- 4 slices good-quality white bread or sliced peasant bread, torn
- 1 cup whole milk
- 1 1/2 pounds ground beef, pork and veal mix
- 1 egg
- Salt and freshly ground black pepper
- 4 cloves garlic, minced
- 1/2 cup finely chopped flat-leaf parsley
- 1/2 to 2/3 cup grated Parmigiano-Reggiano, a couple generous handfuls
- Extra-virgin olive oil, for liberal drizzling, plus 2 tablespoons
- 2 cubanelle peppers, chopped
- 1 red onion, chopped
- 3 tablespoons tomato paste
- 2 tablespoons all-purpose flour
- 2 cups beef stock
- 2 tablespoons Worcestershire sauce
Preheat the oven to 425 degrees F.
In a large bowl, add the bread and the milk and let soak for a few minutes then wring out the moisture. In another large mixing bowl add the meat and the soaked bread. Add the egg, salt and pepper, to taste, the garlic, parsley, cheese and a drizzle of extra-virgin olive oil. Mix to combine and form into 4 mini oval loaves, about 2-inches thick.
Arrange the loaves on a medium nonstick baking sheet and drizzle the tops with a little extra-virgin olive oil. Roast in oven for 20 minutes.

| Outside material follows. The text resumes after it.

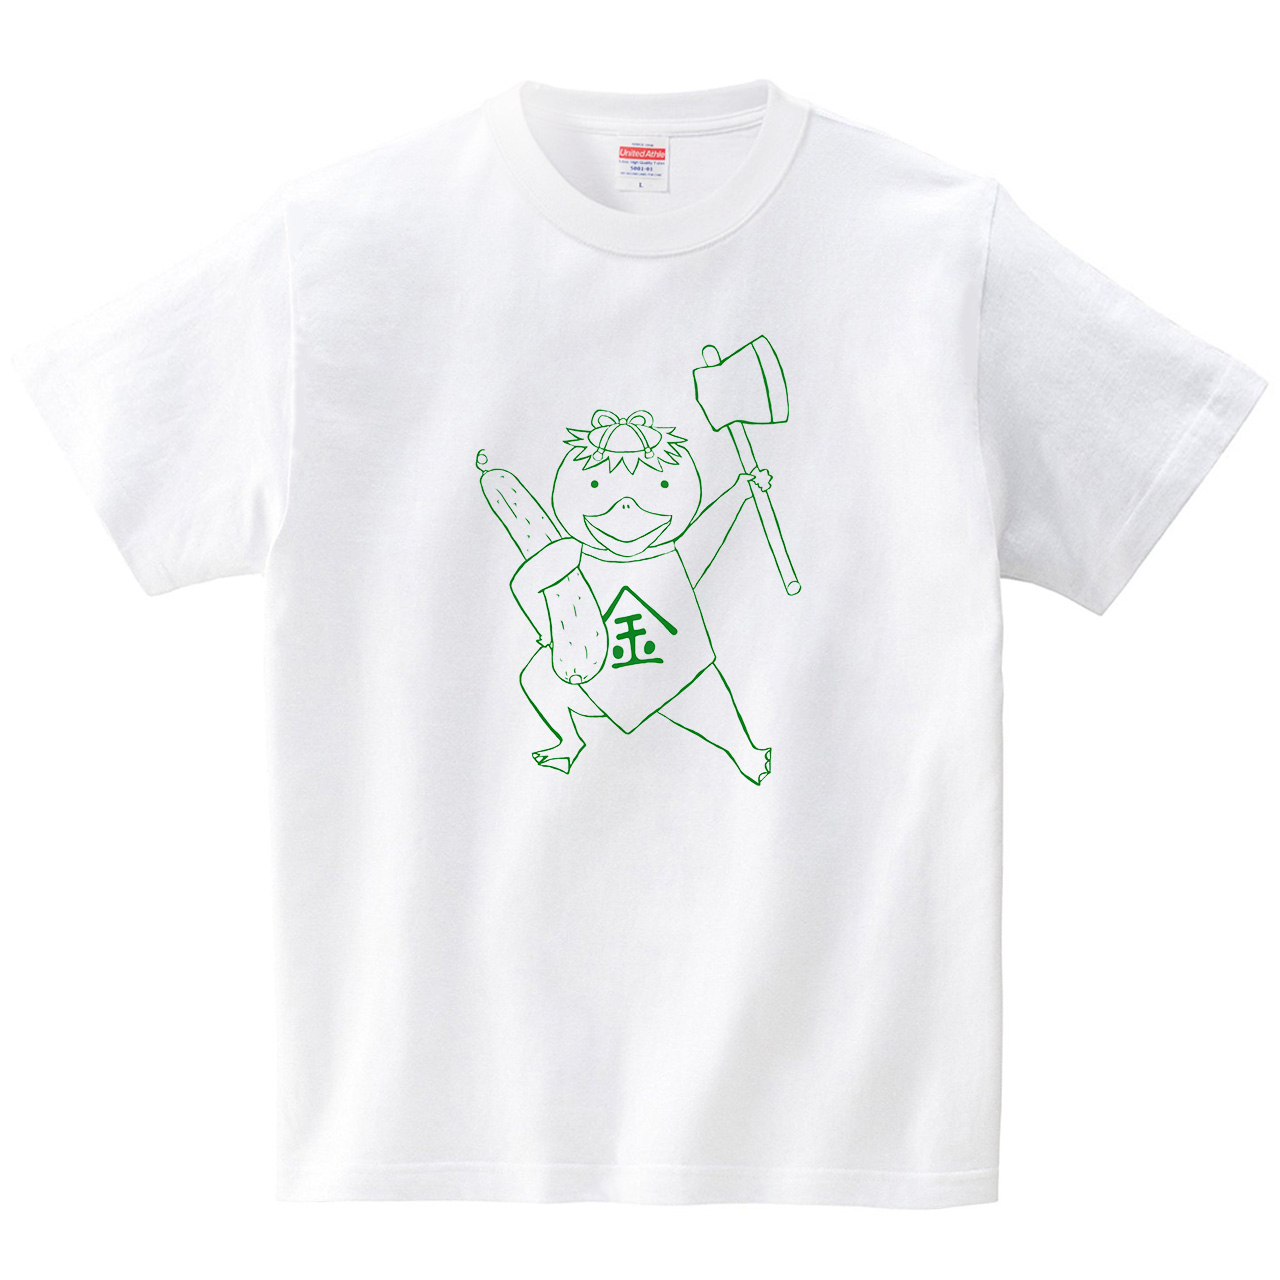 金太郎カッパ・白(Tシャツ・ホワイト)(あおまんぼう)

While meat is roasting, put a medium skillet or sauce pot on the stove over medium heat, and add 2 tablespoons olive oil. Add the peppers and the onions, season with salt and pepper, to taste, and saute for 10 minutes. Stir in the tomato paste, cook for 1 minute, then sprinkle in the flour and stir for 1 minute more. Whisk in the stock and Worcestershire, and season again with salt and pepper, to taste. Reduce the heat and let simmer until ready to serve.
Remove the meatloaves from the oven to a serving platter and serve with lots of chunky pepper and onion gravy on top.